Anne Lamott, a popular soul-searching memoirist, live-Zoomed a teaching on writing recently. She emphasized two major points: 1) stop not writing, and; 2) no one cares if you’re writing, especially your family and friends. Anne told us to be likable narrators, never vengeful and don’t antagonize the reader.
I risk being an “un”likable antagonistic narrator in writing about the looting and violence in my downtown Chicago neighborhood, the Gold Coast. An amalgam of landscaped mansions, row houses and mixed income highrises, the Gold Coast rose in the wake of the 1871 Great Chicago Fire. Wealthy industrialists built North Lake Shore Drive to front their new mansions. In the late 1980s, the Gold Coast was the second most affluent neighborhood in the United States, behind Manhattan’s Upper East Side. I’m neither affluent nor near-affluent. I live in the Gold Coast to be safe.
In the early morning of May 31, I walked out the back door of my building to Oak Street with Henry the dog. Oak Street is a block-long high-fashion retail museum where the haute couture show off their latest trendsetting wardrobes in oversize clear glass windows. The Chicago uprising stemming from the George Floyd murder turned Oak Street into a comic book version of a visit from Godzilla. Within hours shattered glass lay strewn on the streets and sidewalks, dismembered mannequins lay naked on the curbs, paper and cardboard boxes lay shredded everywhere. A U-Haul truck perched on the curbside by the shattered window of Dolce & Gabbana. Scavengers foraged through smashed-in Armani’s looking for remnants of the organized looting that had just ended. The street recovered somewhat over the next few months and then bam! On August 10 Godzilla came through again and not only sacked Oak Street, but unloosed a reign of violence and looting all over Chicago’s retail corridors.
Black Lives Matter, a radical national organization became a mainstream darling after the gruesome George Floyd murder. Yes, white people said, we finally get it! We value Black people and their right to self-determination. We want to fight for equitable systems too.

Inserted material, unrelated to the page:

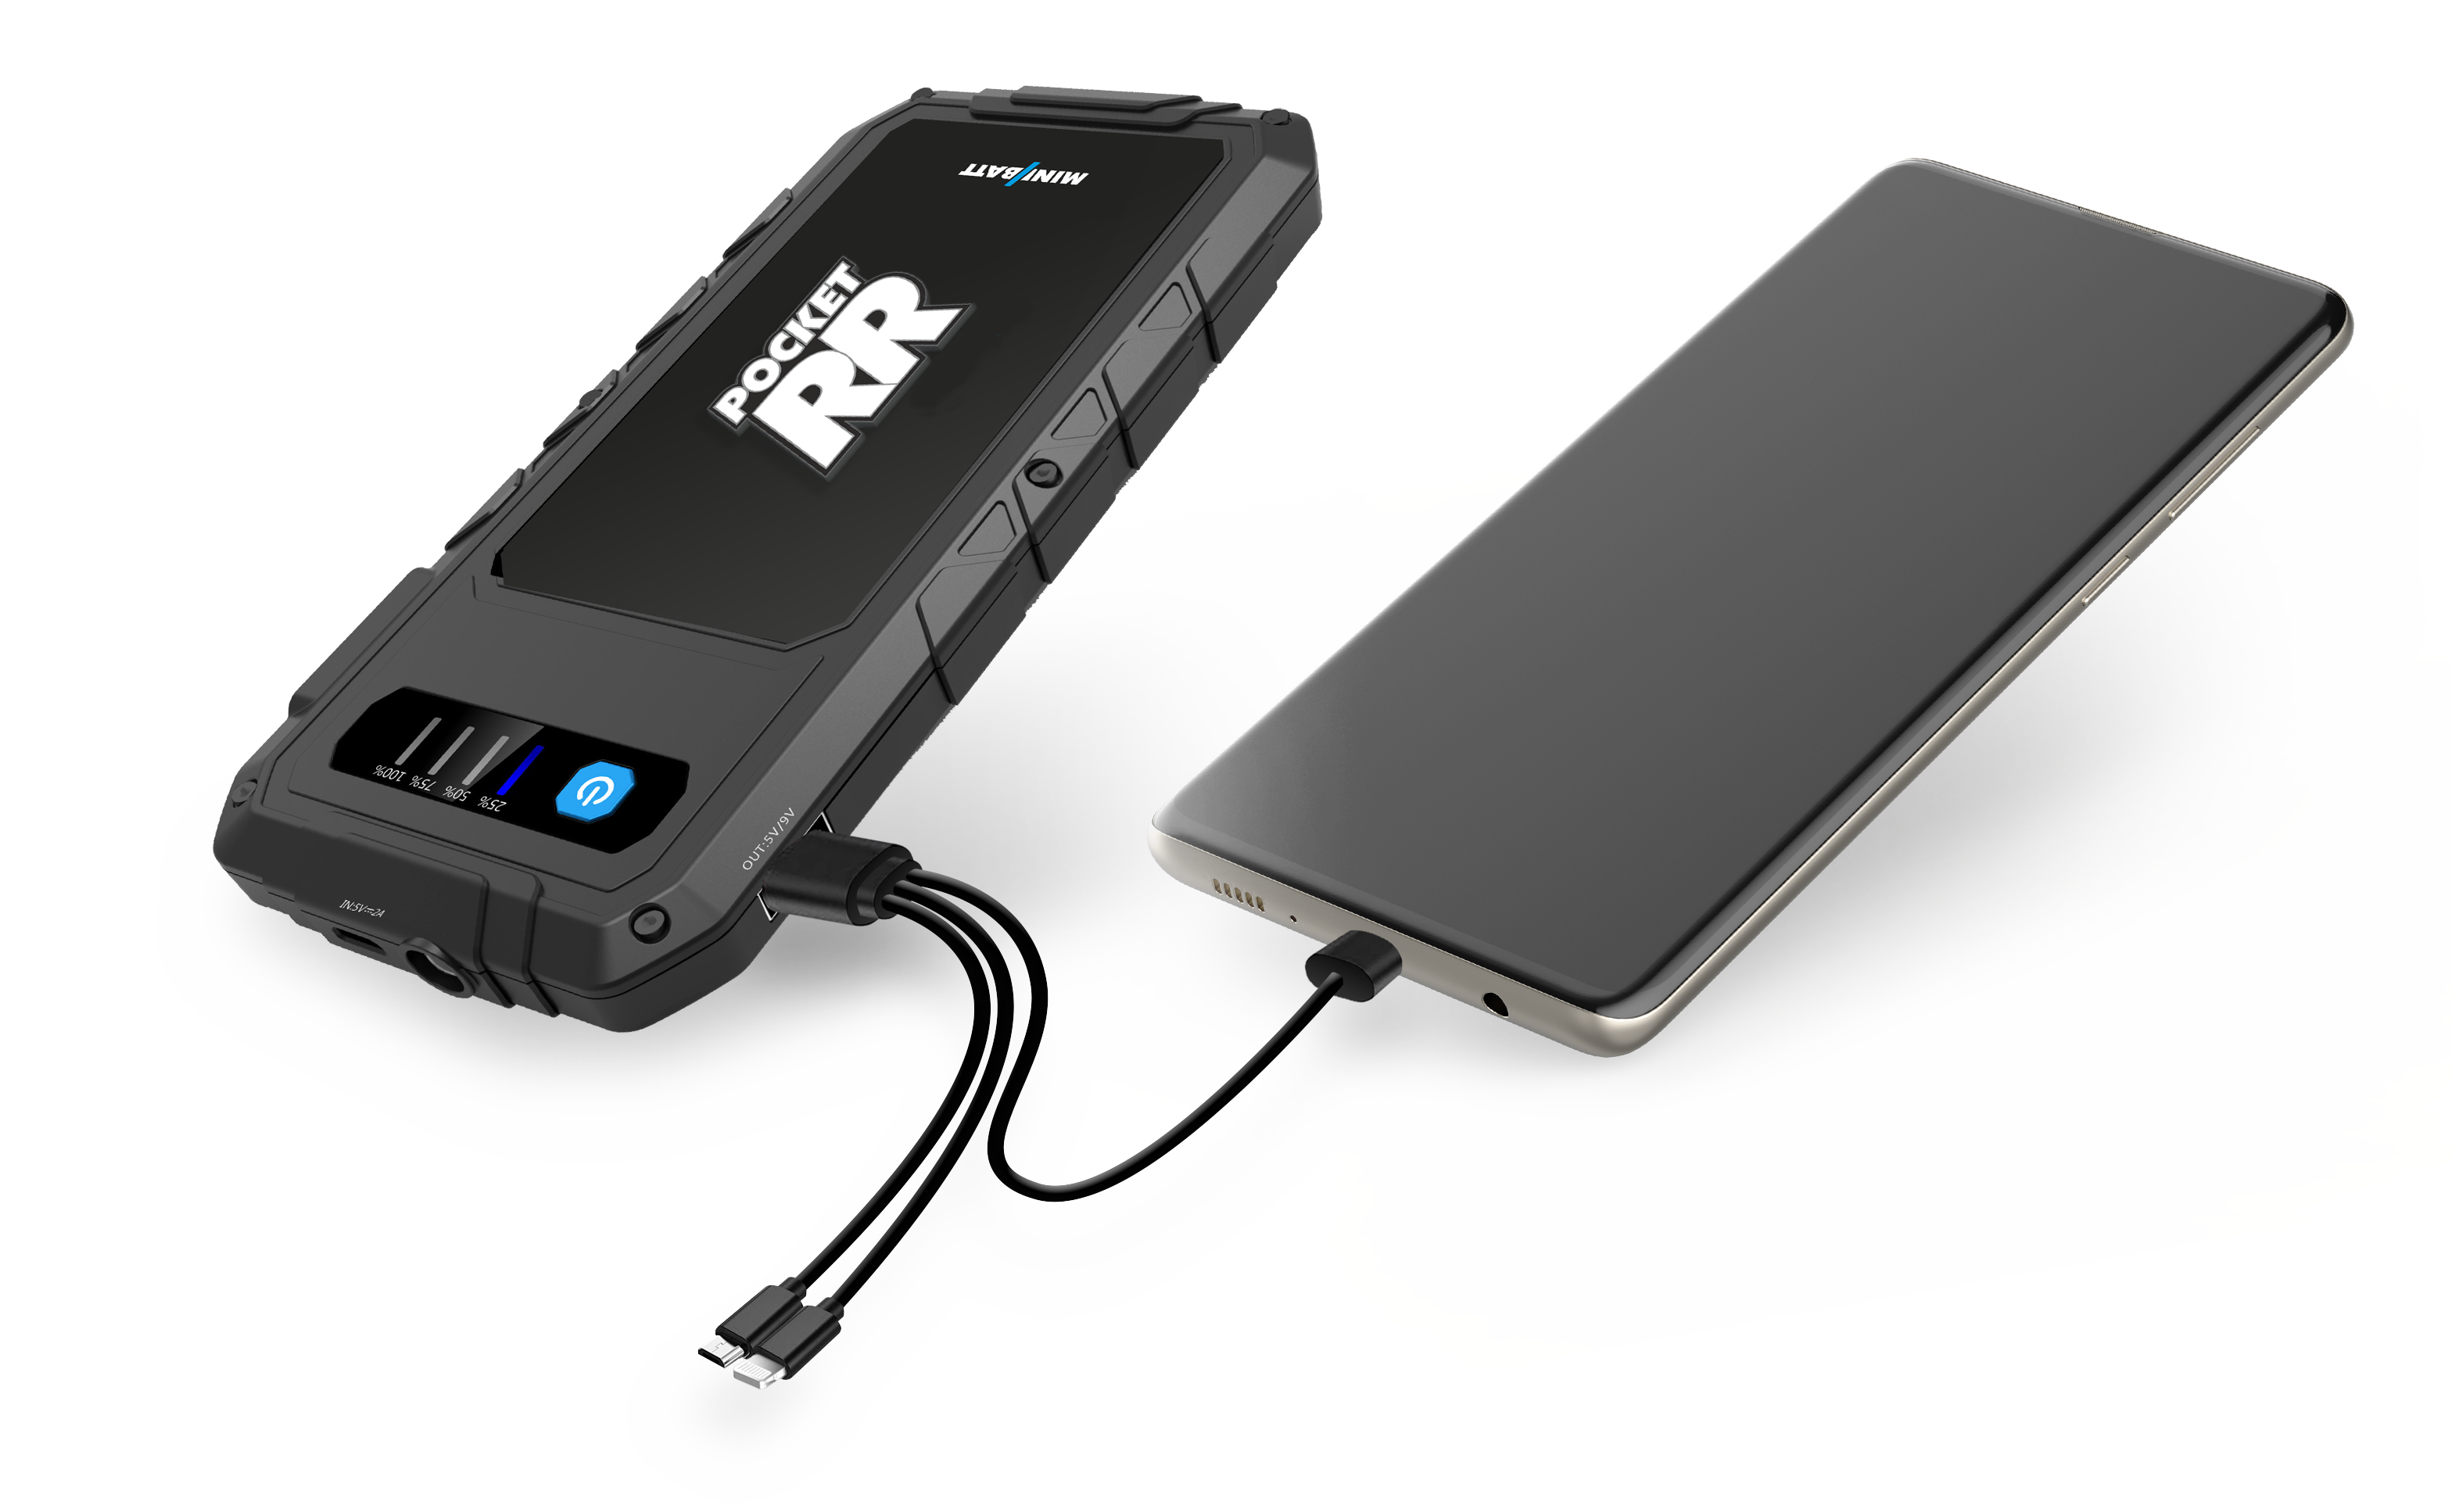 MiniBatt POCKET- Bateria arrancador de motos y coches. Cargador de móviles,  tablets y otros dispositivos
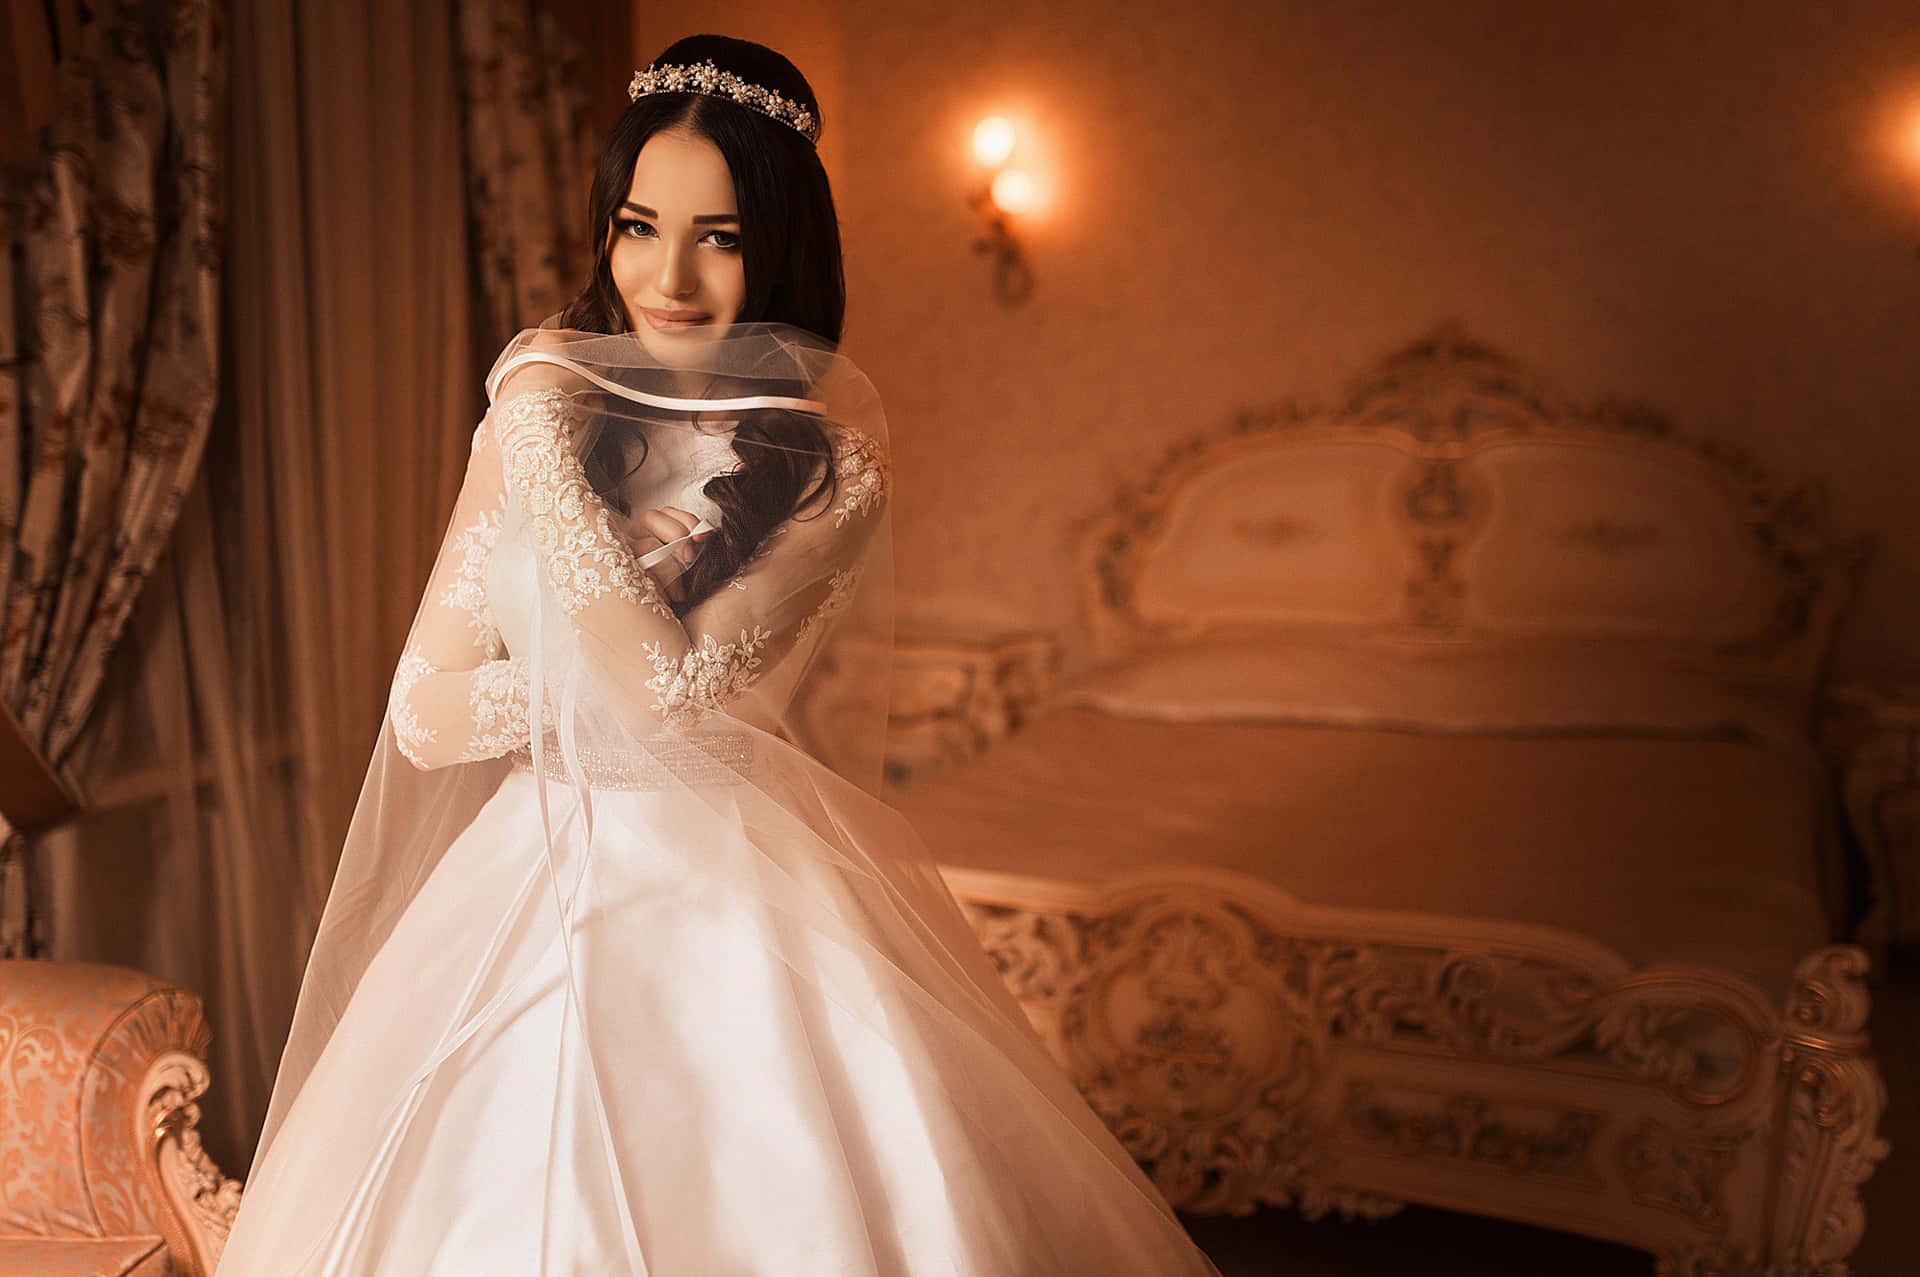 Elegant White Lace Wedding Dress

We might even support reparations. We’ll try to understand what you mean by “defund the police.” We pledge to learn more about white supremacist, capitalist patriarchy. Ending criminalization of Black communities is our goal too. We’re with you.

A BLM spokesperson stood in front of the police station that held 100 arrestees from the August 10 uprising and announced that BLM considers looting “reparations”, and that downtown attacks will continue until there’s justice and equality in their neighborhoods.
Activist Michael Pfleger appeared hangdog on TV mouthing a familiar plea including words like, “decades of disinvestment and abandonment,” and begging city leaders for a strategy.
“I’ve never seen things worse.” He said.
In 1968 I had an autographed copy of Eldridge Cleaver’s “Soul on Ice”. I have no idea what drew me to anti-racism then or what draws me to it now. But I sure do feel as defeated as Father Pfleger sounds.
And I miss walking Henry through the Oak Street fashion museum.